A new laser system based on a fiber seed and a DPSS power amplifier produces UV and green wavelengths, allowing manufacturers to reduce costs while increasing volume and precision.

Over the past several decades, lasers have played an important role in the manufacture of advanced consumer electronic devices. From printed circuit boards to flat panel displays, hard disks to semiconductor wafers, laser processes are used to create the components of our smartphones, tablets, laptops and TVs. High-power, high-repetition-rate diode-pumped solid-state (DPSS) lasers, particularly at the ultraviolet wavelength, have proved themselves in a variety of cost-effective, high-speed micromachining processes that are key manufacturing steps for these ubiquitous electronic products.

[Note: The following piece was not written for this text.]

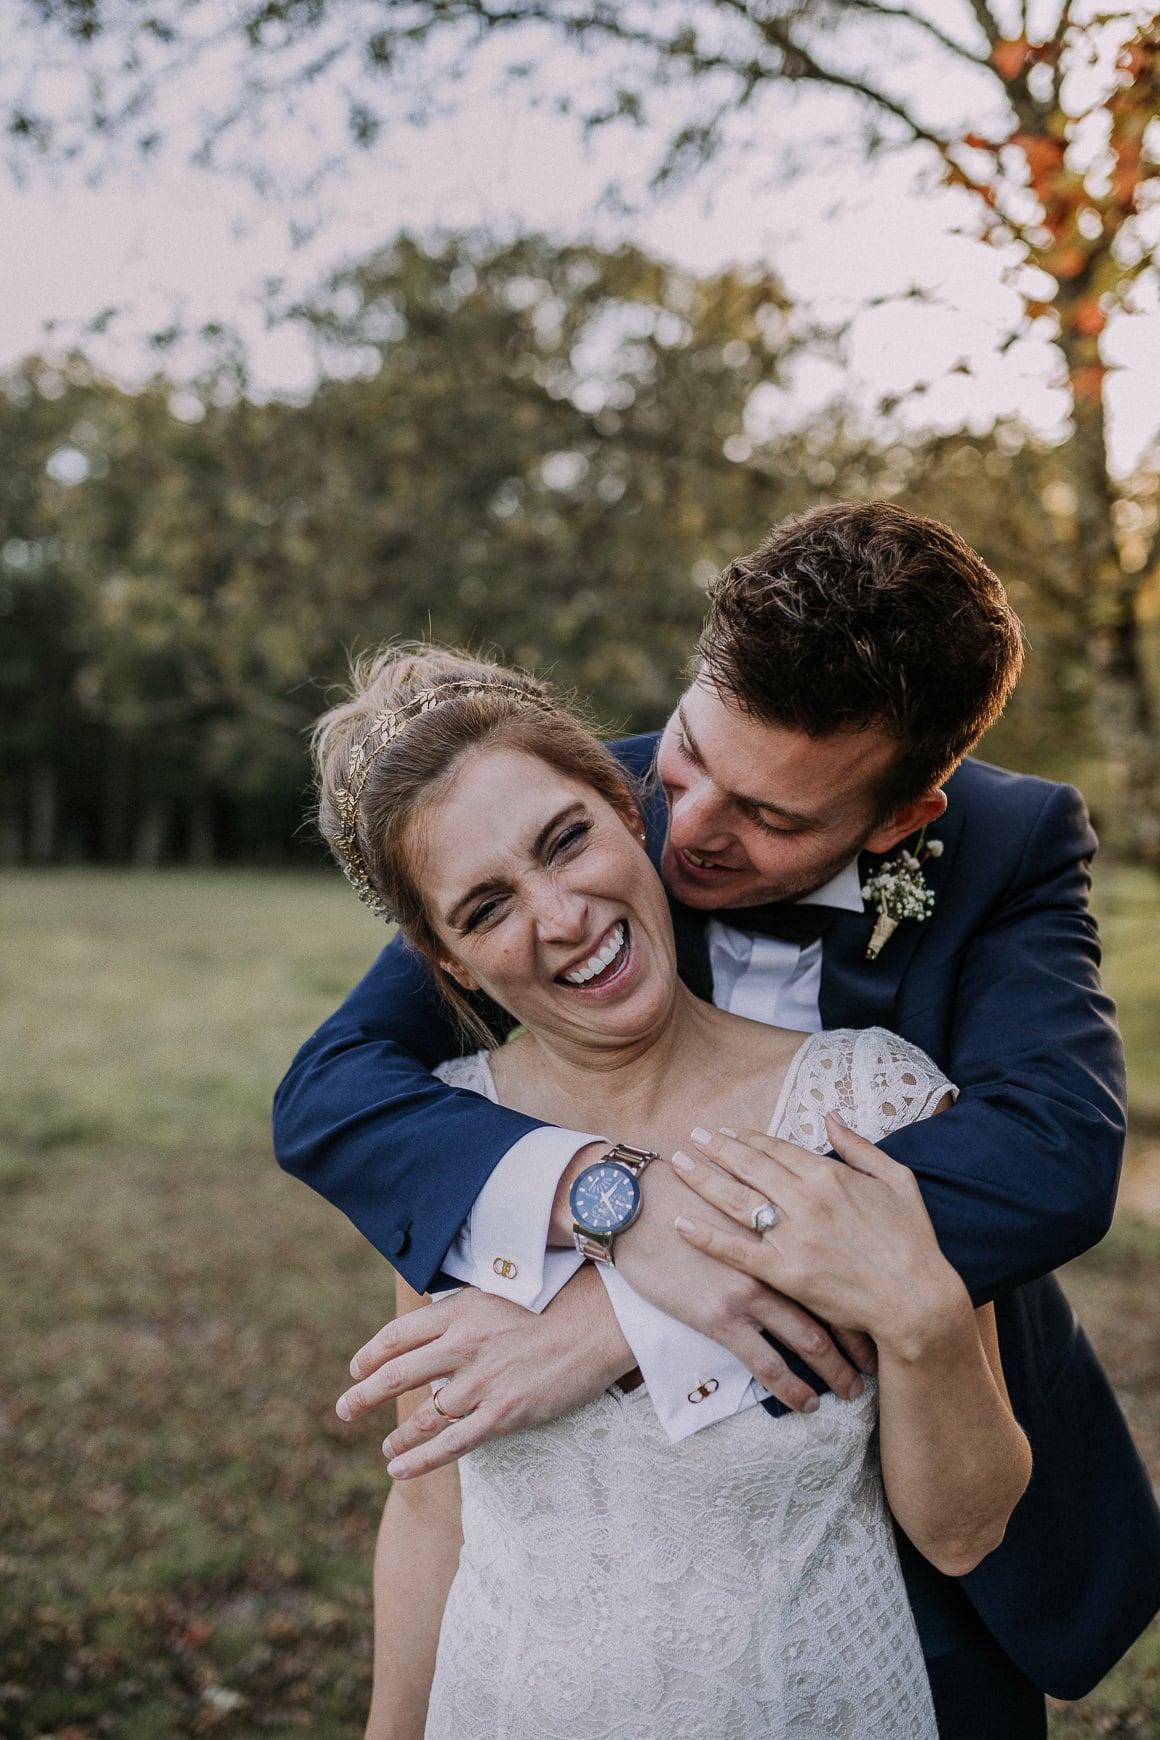 mariage boheme chic trigaliere

Conventionally, Q-switched DPSS lasers operating in the nanosecond regime are used, although, more recently, both pulsed fiber and picosecond lasers have begun to appear on the manufacturing floor. These lasers, however, have characteristics that limit the extent to which process speed can be enhanced and manufacturing costs reduced.1 In particular, Q-switched DPSS lasers are constrained in their ability to scale throughput because the ability to increase pulse repetition frequencies (PRFs) is limited by changes in average power, pulse width and noise. Picosecond lasers deliver high-quality micromachining results, but throughputs are typically low – and costs high.2 Pulsed fiber lasers, on the other hand, have limitations in micromachining quality and throughput arising from low pulse energies, difficulties in achieving harmonics for UV and green wavelengths, and poorer beam quality.

As electronic devices continue to evolve, manufacturing processes also must advance. To meet the needs for higher-capability micromachining, the ideal laser could perform the processes carried out by today’s workhorse Q-switched DPSS lasers, but at higher PRFs. In addition, the high-precision manufacturing steps for today’s smaller and lighter mobile devices can begin to demand the quality and precision achieved by picosecond lasers, but cost-effectiveness must be maintained.

A new generation

A new high-power UV and green hybrid fiber laser simultaneously addresses micromachining throughput, quality and cost challenges. Achieving the goal of high power at high PRF, Quasar from Spectra-Physics outputs >40 W at 355 nm and >70 W at 532 nm, both at a PRF of 250 kHz. At the same time, it maintains the excellent beam quality and pulse-to-pulse energy stability, shorter pulse width and high pulse energy of DPSS lasers operating at more moderate PRFs.

Figure 1.
Schematic diagram of Quasar laser technology. The system combines an advanced fiber seed laser with a DPSS power amplifier and adds harmonics technology.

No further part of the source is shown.